Despite What We May Think, Diagnosing Asthma Isn't Easy

Aaron B. Holley, MD


November 29, 2018

Diagnosing asthma isn't easy? Really? Isn't it well described and extensively researched? Aren't there multiple national- and international-level organizations that publish comprehensive guidelines? Don't we have an array of objective tests to confirm (or exclude) the diagnosis?

The answer to all these questions is "yes." However, as is often the case, with increased knowledge the reality grows more complicated.

In a recently published clinical review paper, researchers from Canada summarized the literature on under- and overdiagnosis of asthma.[1] The authors have conducted and published important research on this subject, making them well qualified to lead this discussion. Their findings are sobering, and improving performance won't be easy.

The authors start by acknowledging that asthma is common. They cite prevalence estimates of 0.2%-21.0% in adults worldwide,[2,3] with approximately 300 million individuals affected globally.[4] They noted prevalence rates of 20%-73% and 30%-60% for underdiagnosis and overdiagnosis, respectively. Even the low ends of these ranges are disturbingly high.

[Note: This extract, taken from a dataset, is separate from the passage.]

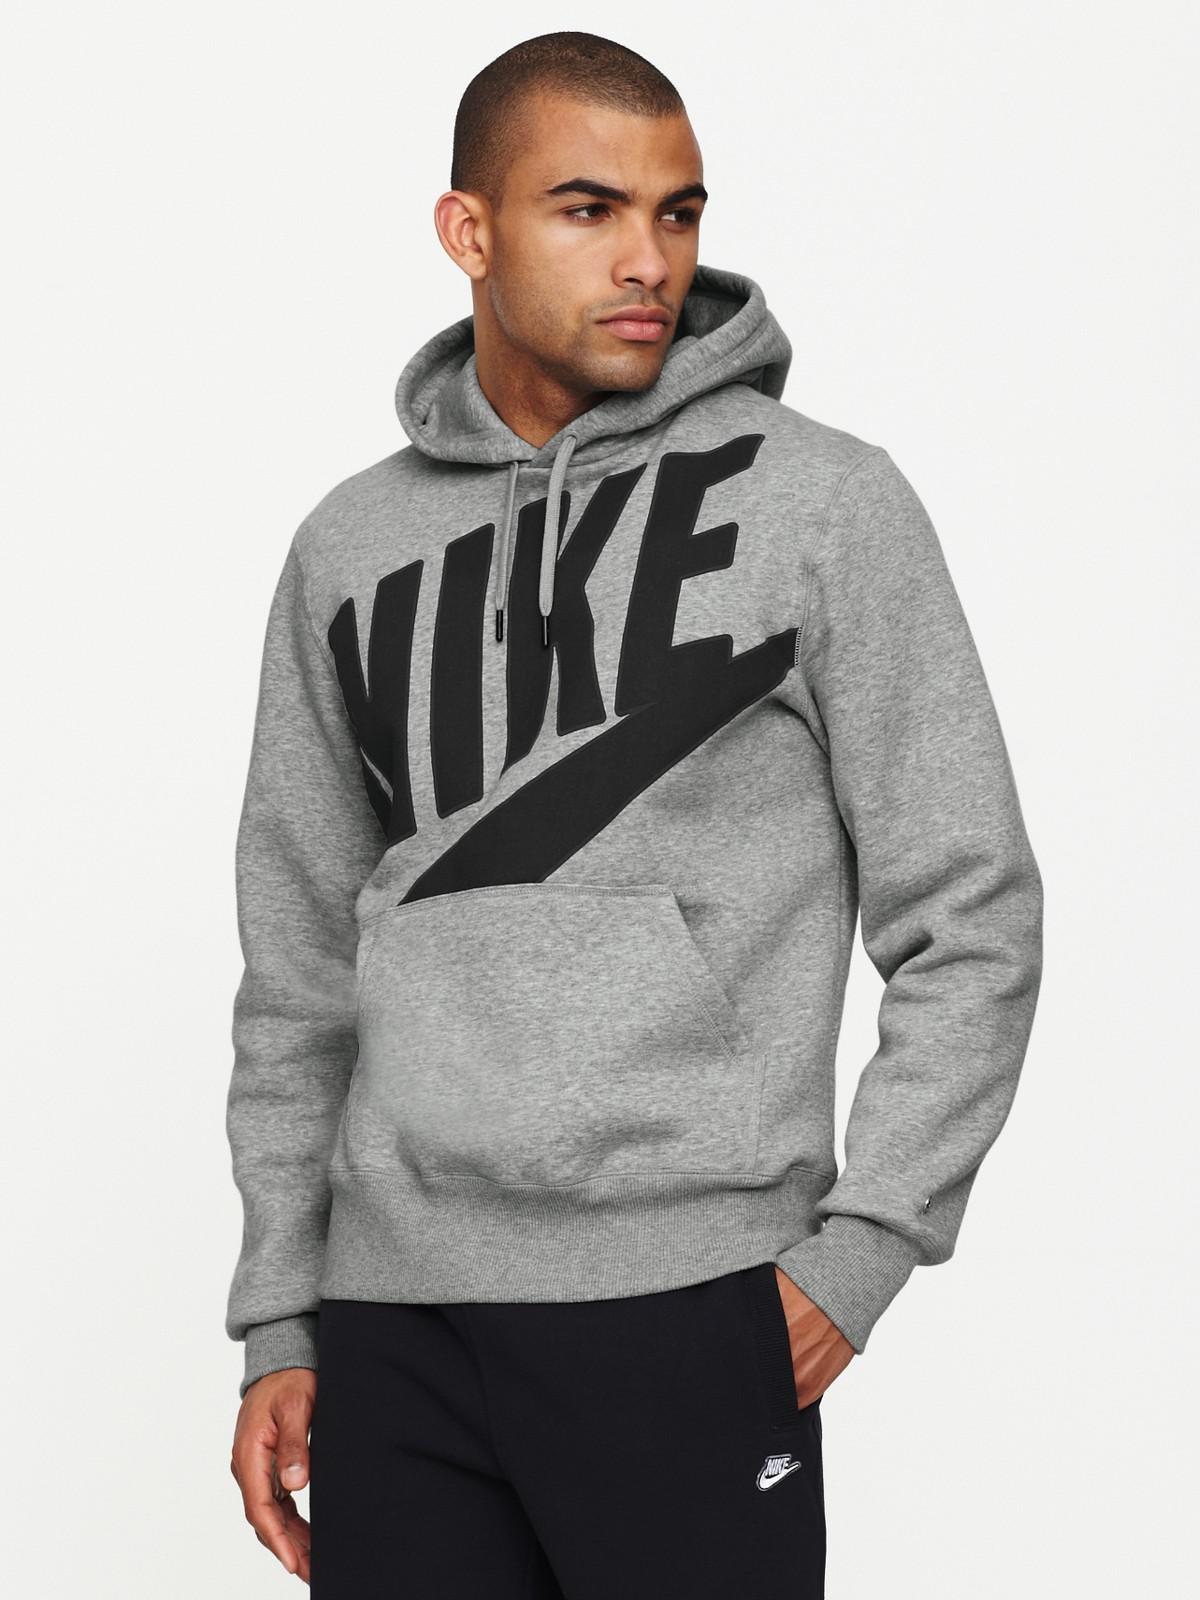 Nike Limitless Hoodie in Gray for Men (grey_marl) | Lyst

So why are patients underdiagnosed? The authors cite three general causes: patient factors (underreporting, poor perception); underdiagnosis by general practitioners; and poor sensitivity of spirometry.

As for overdiagnosis, causes include failure to obtain objective lung testing (to confirm the presence of asthma and rule out the plethora of asthma mimickers) and remission of symptoms over time.[1]

The authors propose public education, specific management algorithms (borrowed from the Global Initiative for Asthma [GINA] report[3] and some of their previous work[5]), and objective lung testing as methods to improve our performance.

Their suggestions are reasonable enough, but challenges remain.

The GINA report defines asthma as "a history of respiratory symptoms such as wheeze, shortness of breath, chest tightness, and cough that vary over time and in intensity, together with variable expiratory airflow limitation."[3] Cough and dyspnea are common complaints,[6,7] and neither is specific for asthma. Spirometry is not sensitive for detecting asthma, and advanced testing (eg, bronchoprovocation [BP], fractional exhaled of nitric oxide) is not readily available. Indirect BP tests, which add to the sensitivity of methacholine challenge testing,[8] are even harder to obtain, particularly in the United States.

Statistical and Clinical Realities

Cough and dyspnea are common, and asthma has a high prevalence. Clinicians are right to have asthma at the top of their differential diagnosis, but most cough and dyspnea will not be due to asthma. Confirmatory testing takes time and effort and is not readily available. The proliferation of knowledge on asthma phenotypes simply complicates matters. Asthma is a very heterogeneous disease with variable presentation.[9,10,11]

This review[1] on under- and overdiagnosis is excellent. Clinicians would be advised to read it carefully, study the algorithms, and refer to a specialist when their patient is not responding to standard therapies. Above all else, don't oversimplify. Diagnosing asthma isn't as easy as it might seem.